Dataset section
========

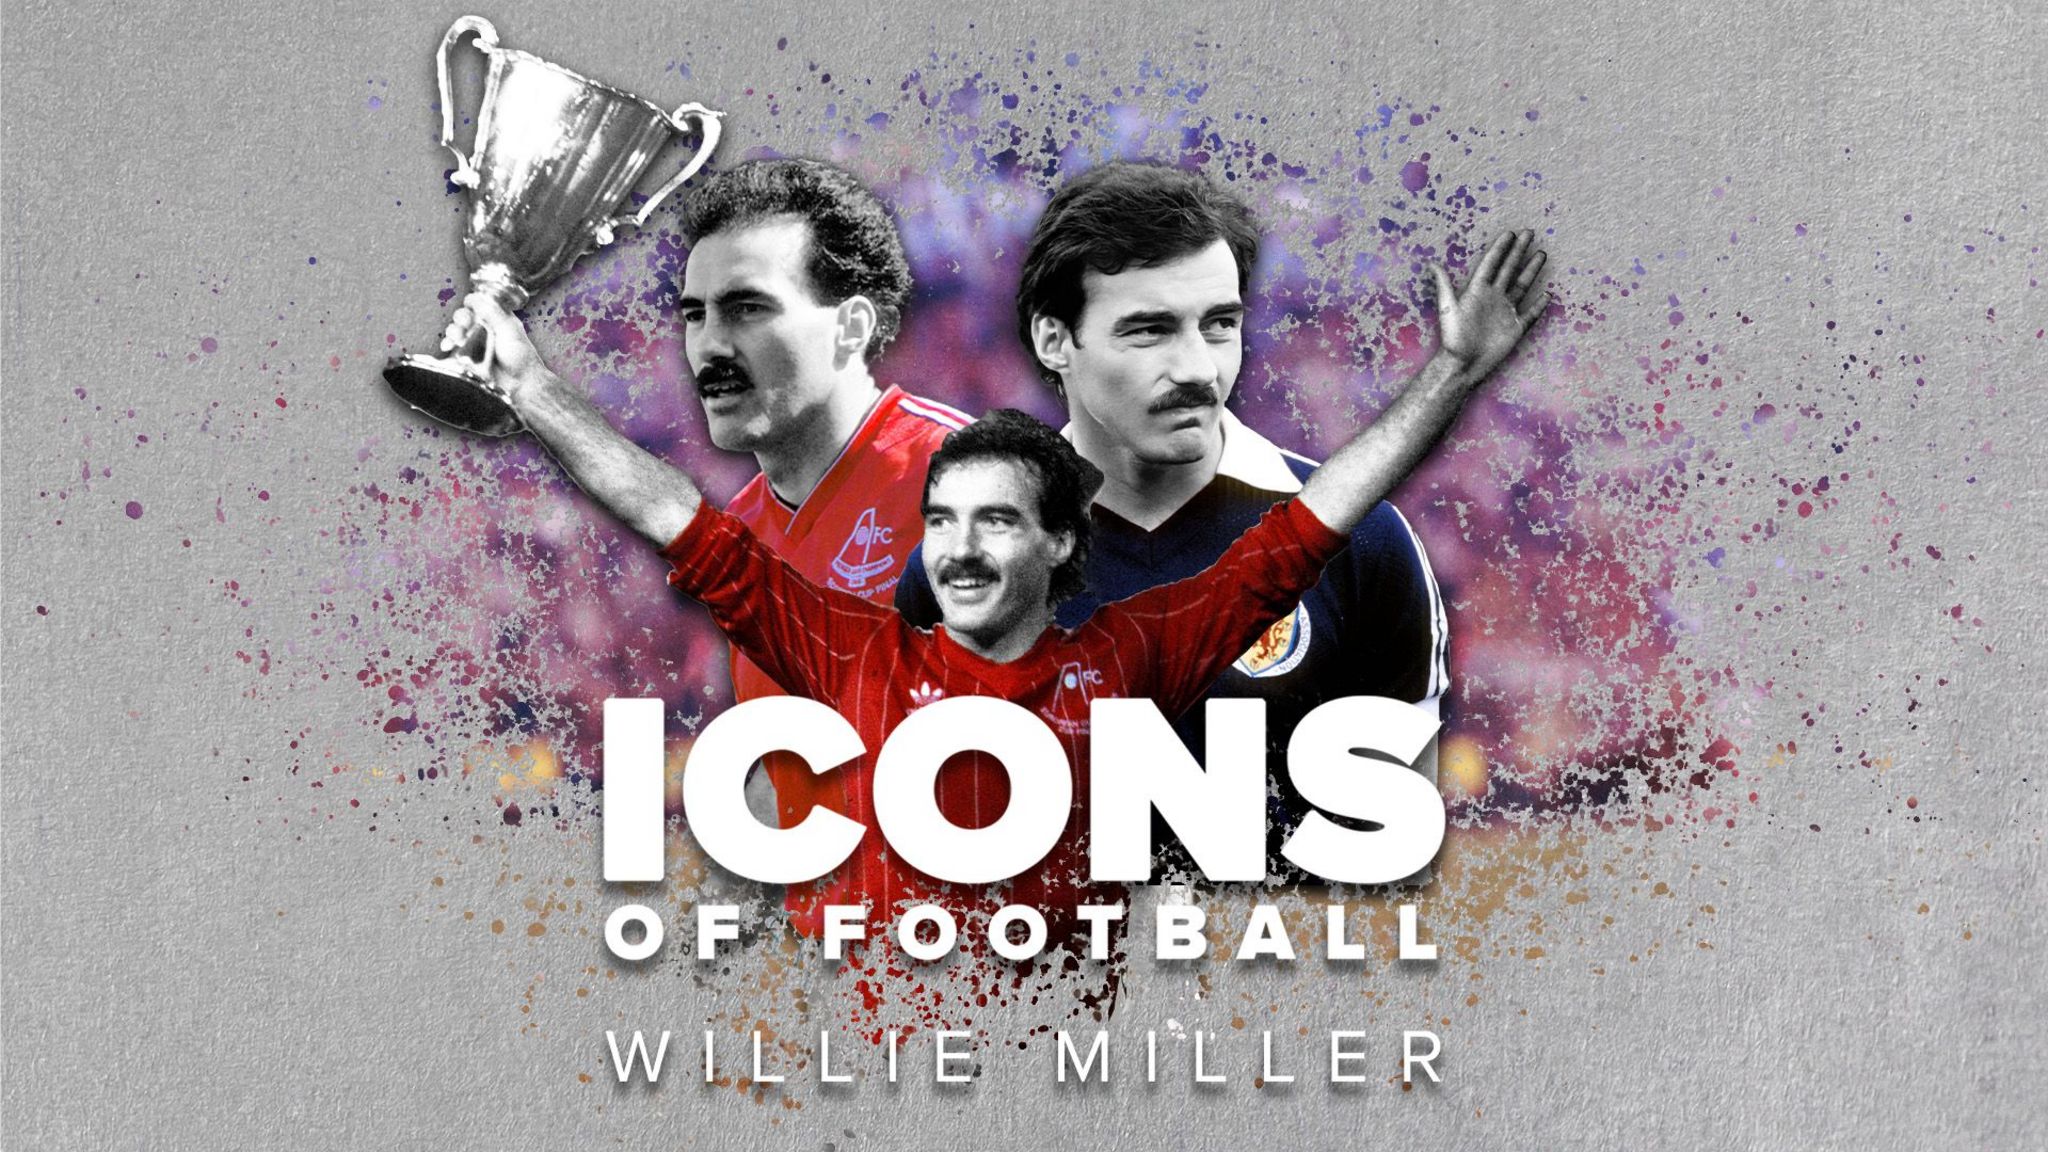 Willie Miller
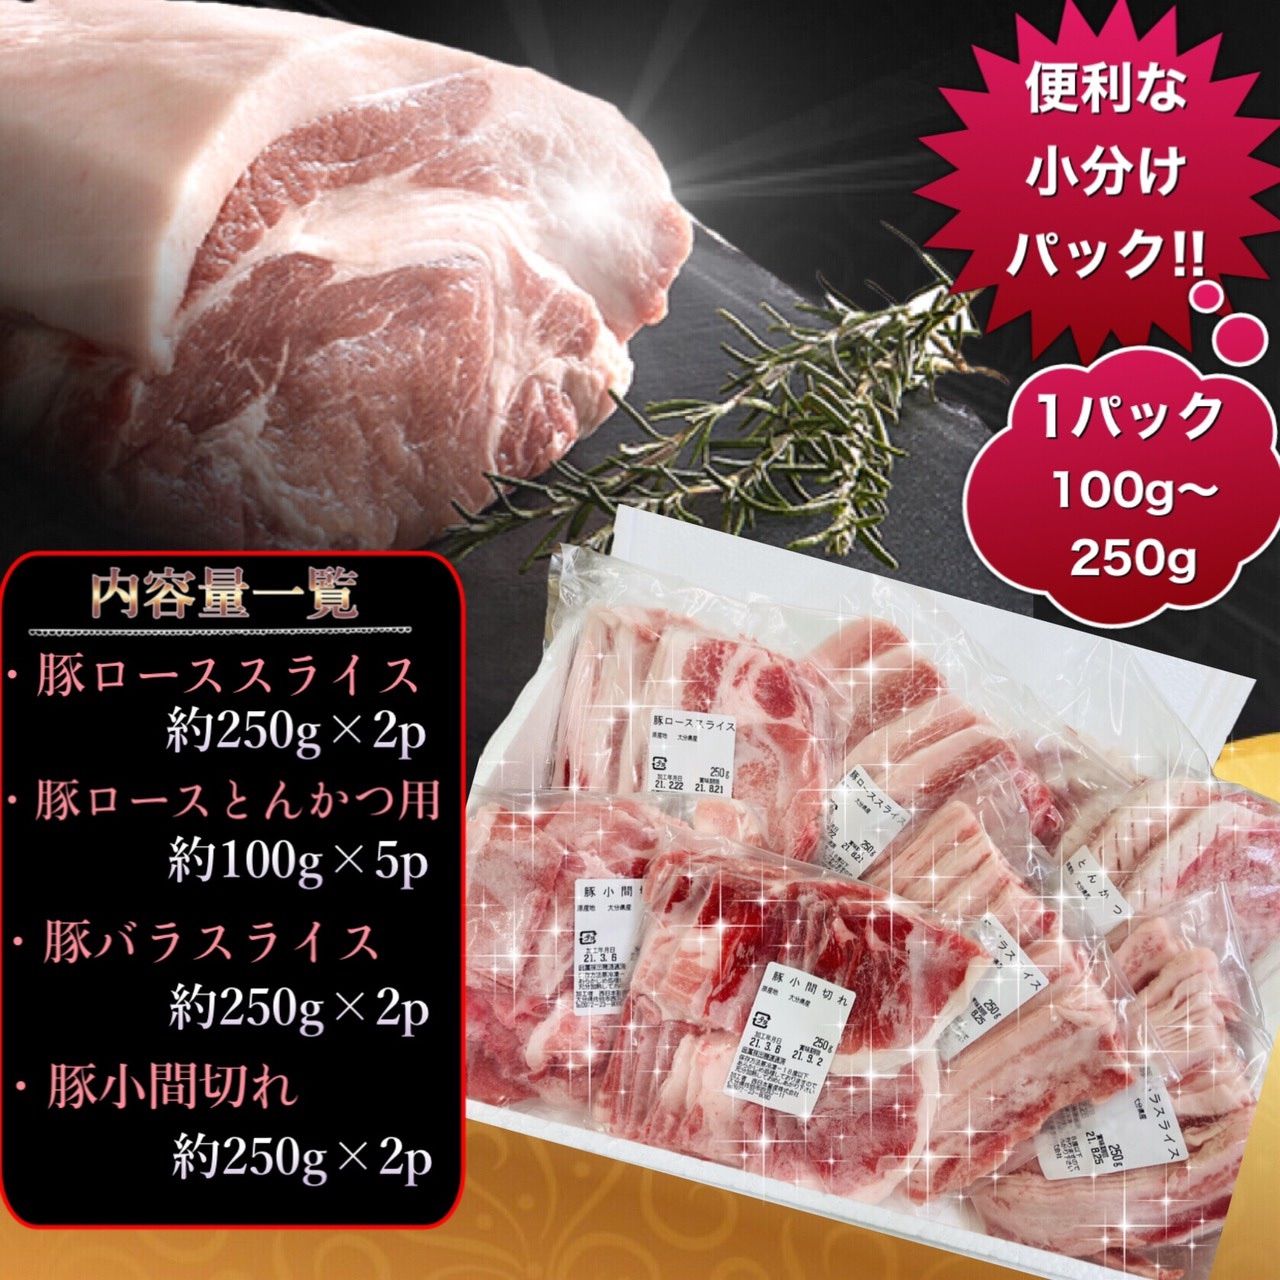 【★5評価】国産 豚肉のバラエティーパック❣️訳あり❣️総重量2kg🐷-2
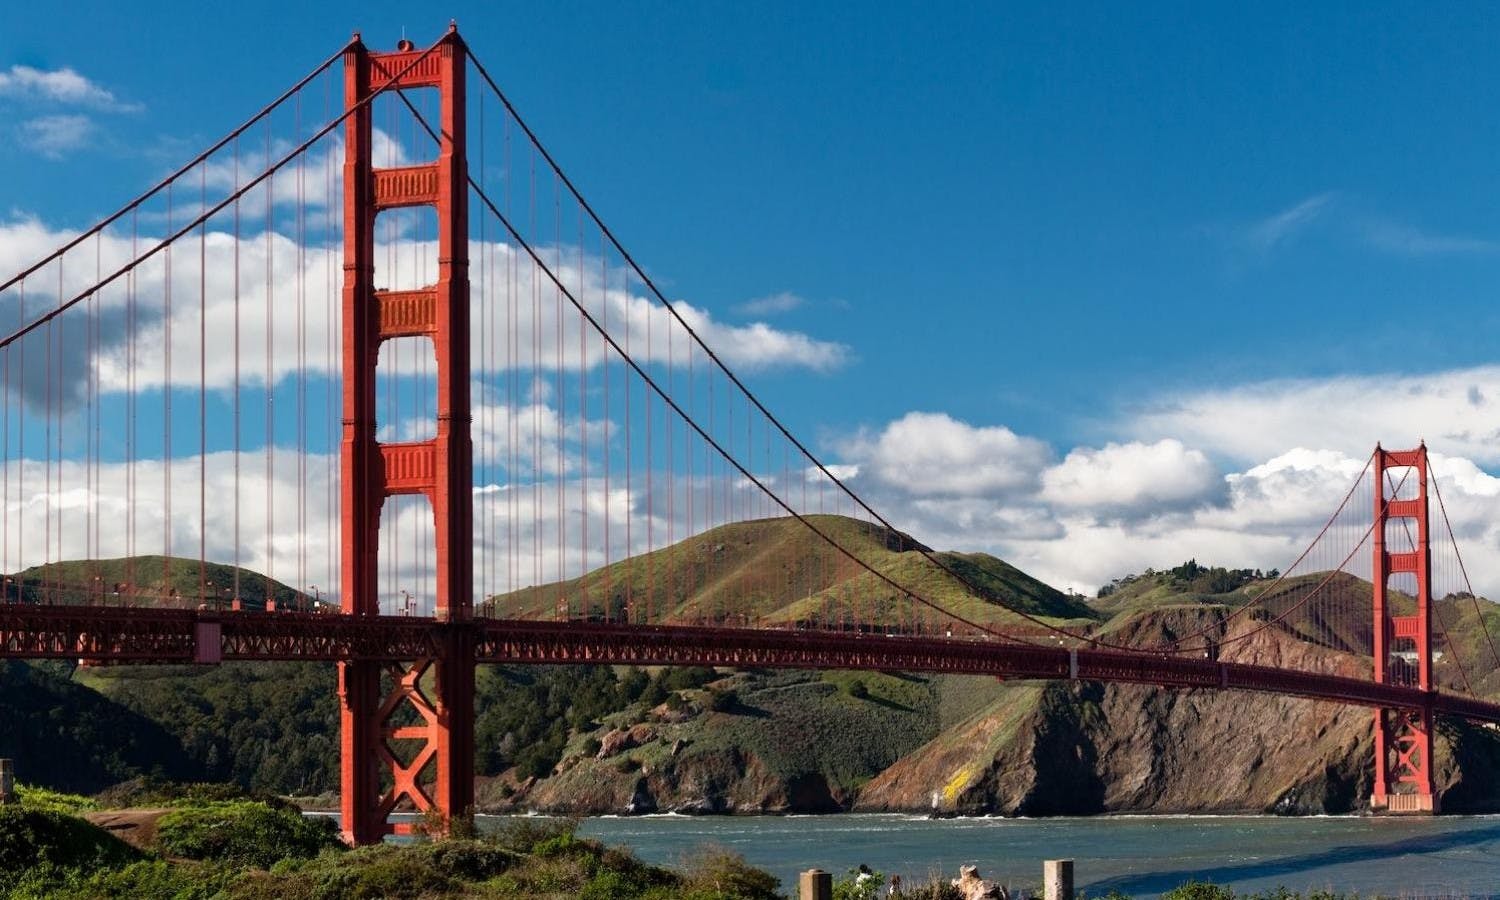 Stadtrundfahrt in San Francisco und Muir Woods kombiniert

========

What this task involves
Once the images are removed, print the remaining data exactly as it appears above.

The answer
 Willie Miller
 【★5評価】国産 豚肉のバラエティーパック❣️訳あり❣️総重量2kg🐷-2
 Stadtrundfahrt in San Francisco und Muir Woods kombiniert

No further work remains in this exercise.